Exercise goal: Look in the data below for the line that has "Bröllopsfotograf Härnösand, fotograf", then print exactly every line from there through the line that has "トップス シャツ カットソー", leaving pictures out.

Information:
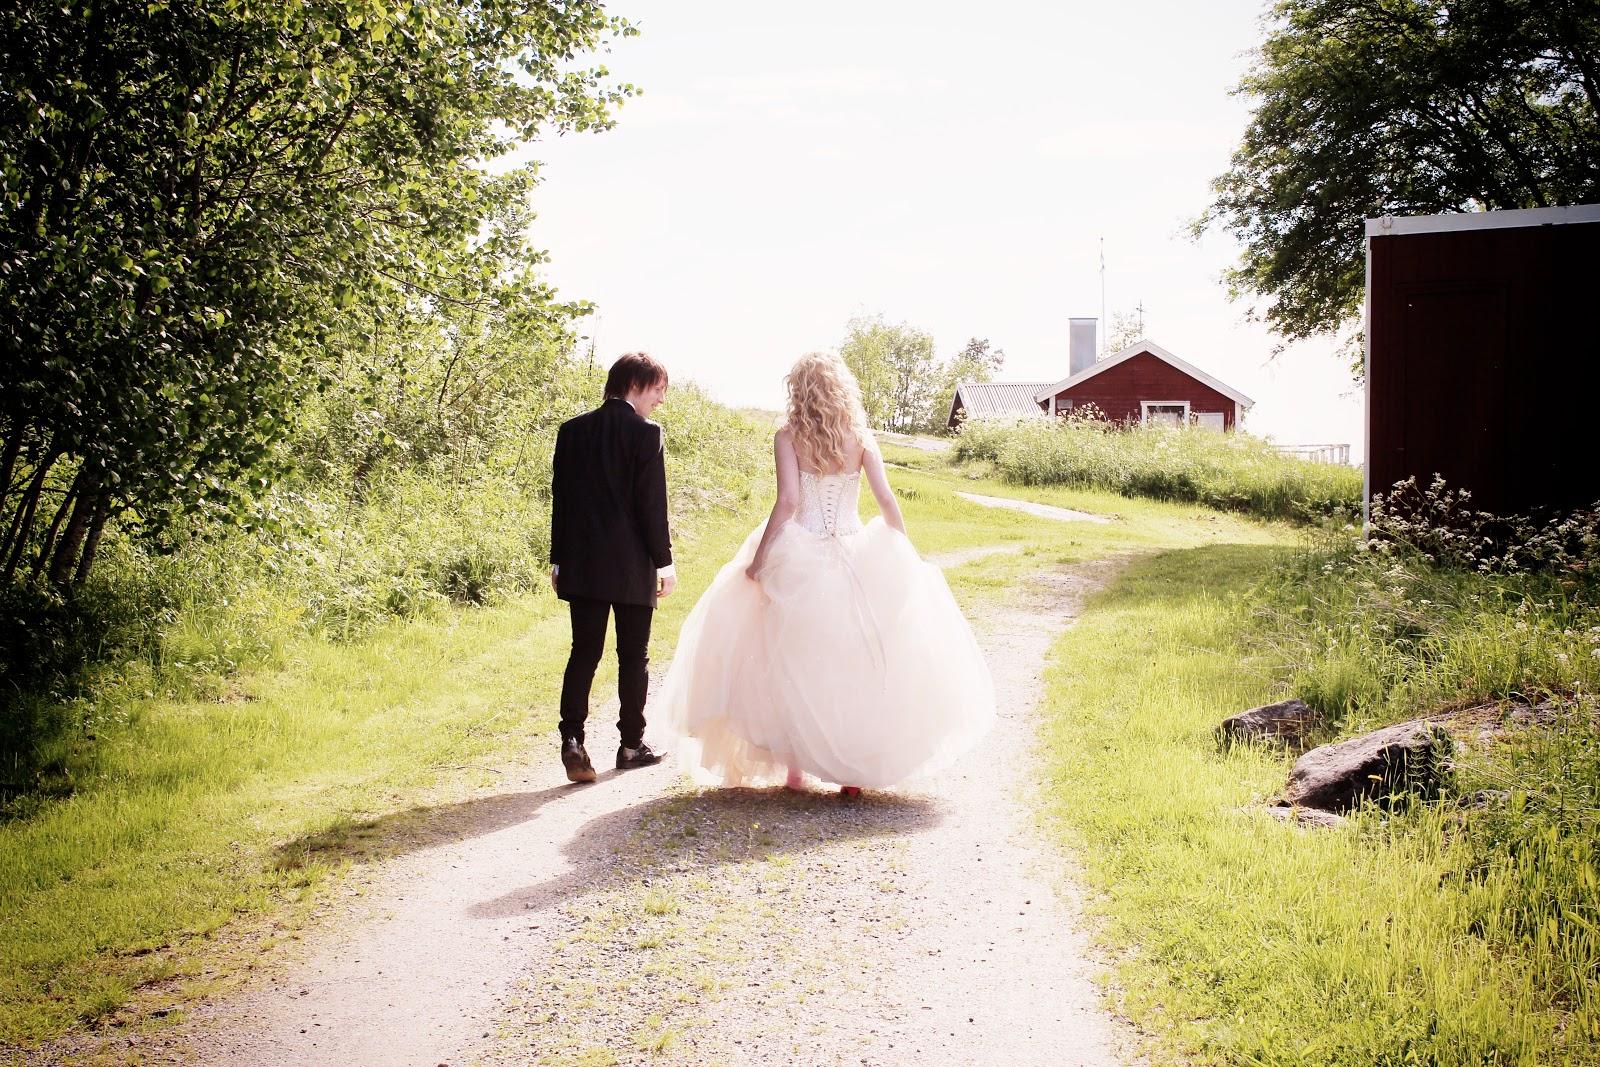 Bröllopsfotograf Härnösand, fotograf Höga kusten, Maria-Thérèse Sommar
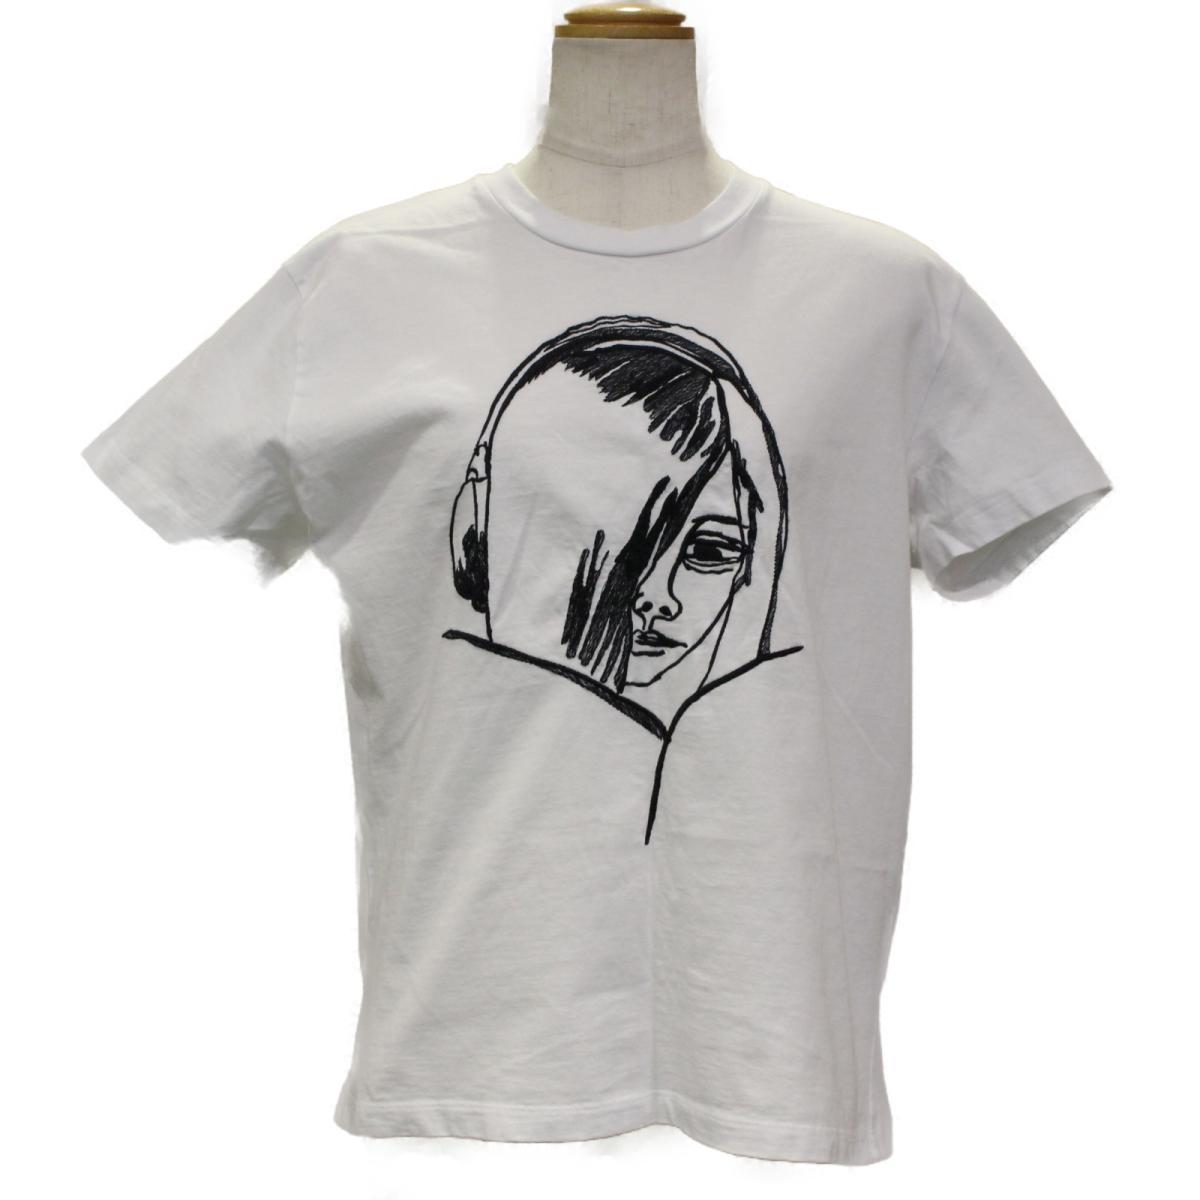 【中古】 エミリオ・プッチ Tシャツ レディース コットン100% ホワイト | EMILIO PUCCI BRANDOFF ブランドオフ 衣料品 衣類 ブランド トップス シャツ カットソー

* * *

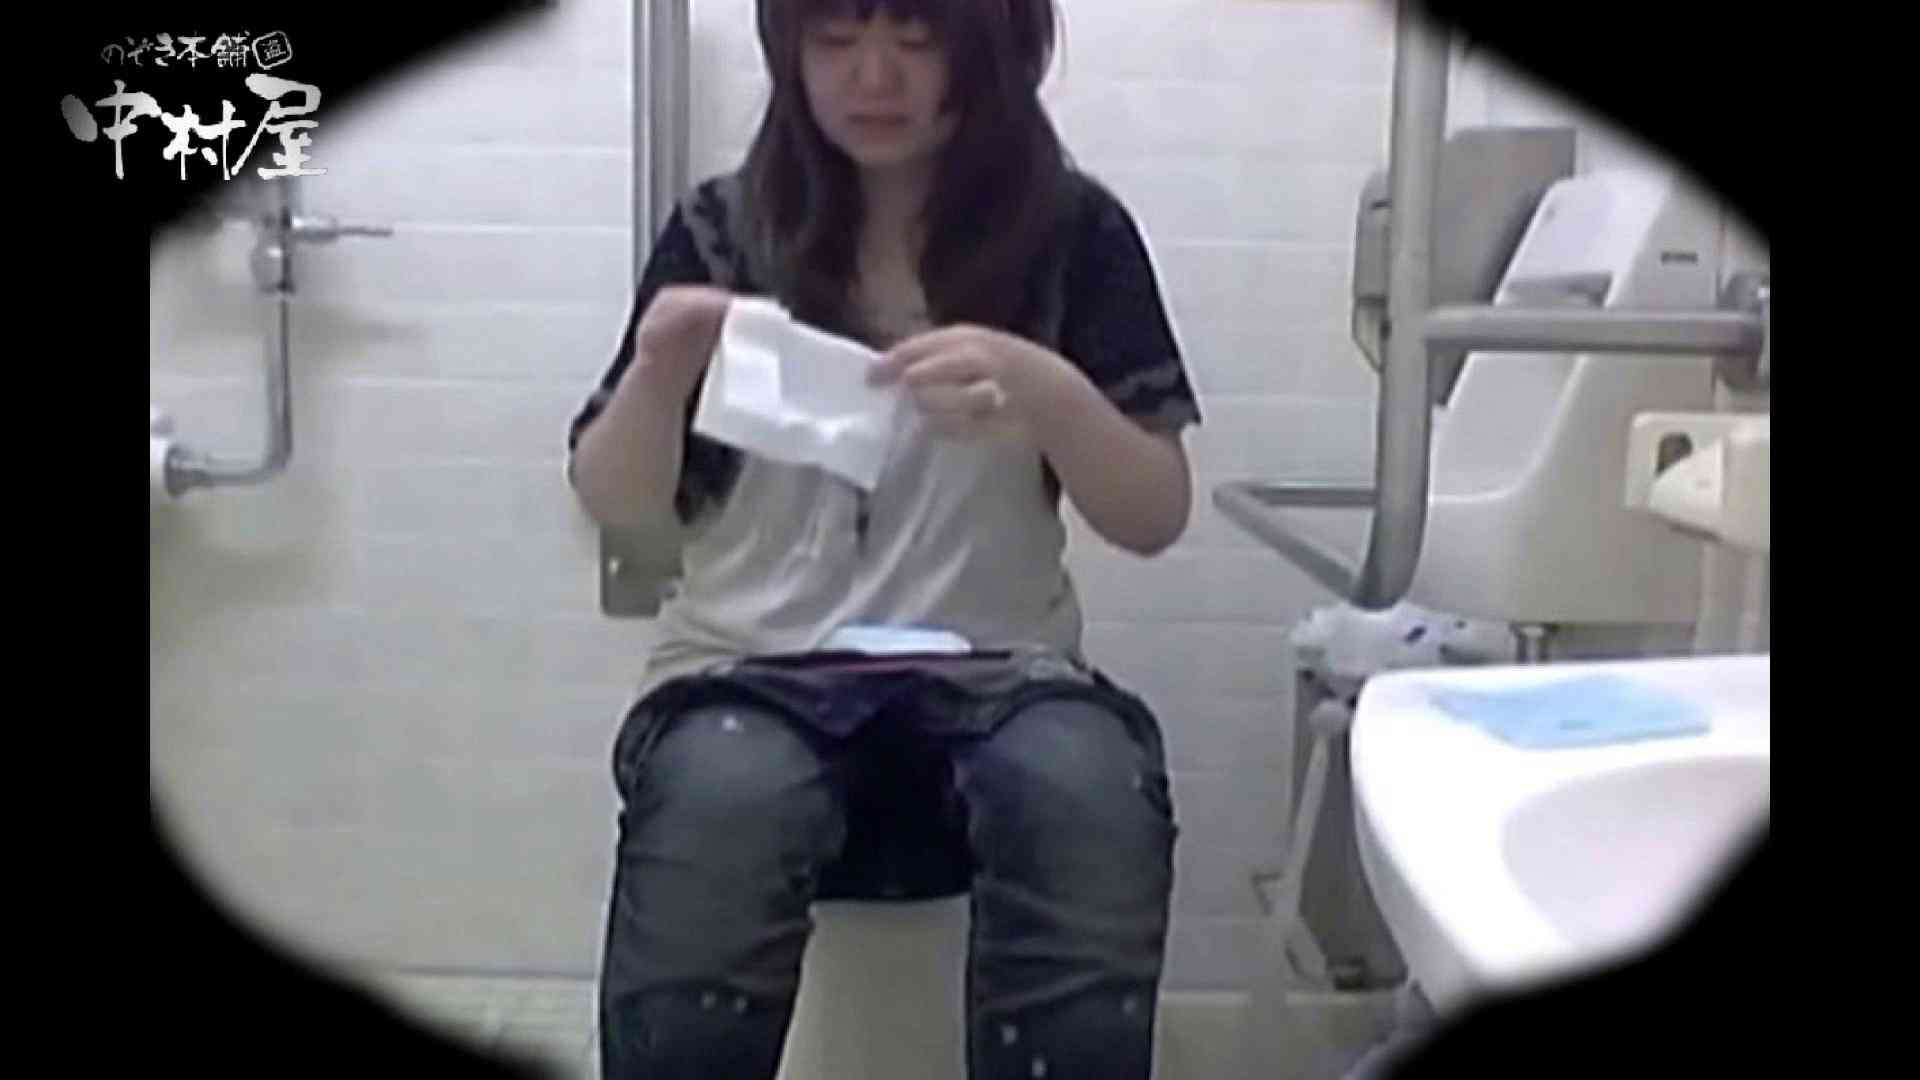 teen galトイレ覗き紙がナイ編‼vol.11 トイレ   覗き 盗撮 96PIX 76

Reply:
 Bröllopsfotograf Härnösand, fotograf Höga kusten, Maria-Thérèse Sommar
 【中古】 エミリオ・プッチ Tシャツ レディース コットン100% ホワイト | EMILIO PUCCI BRANDOFF ブランドオフ 衣料品 衣類 ブランド トップス シャツ カットソー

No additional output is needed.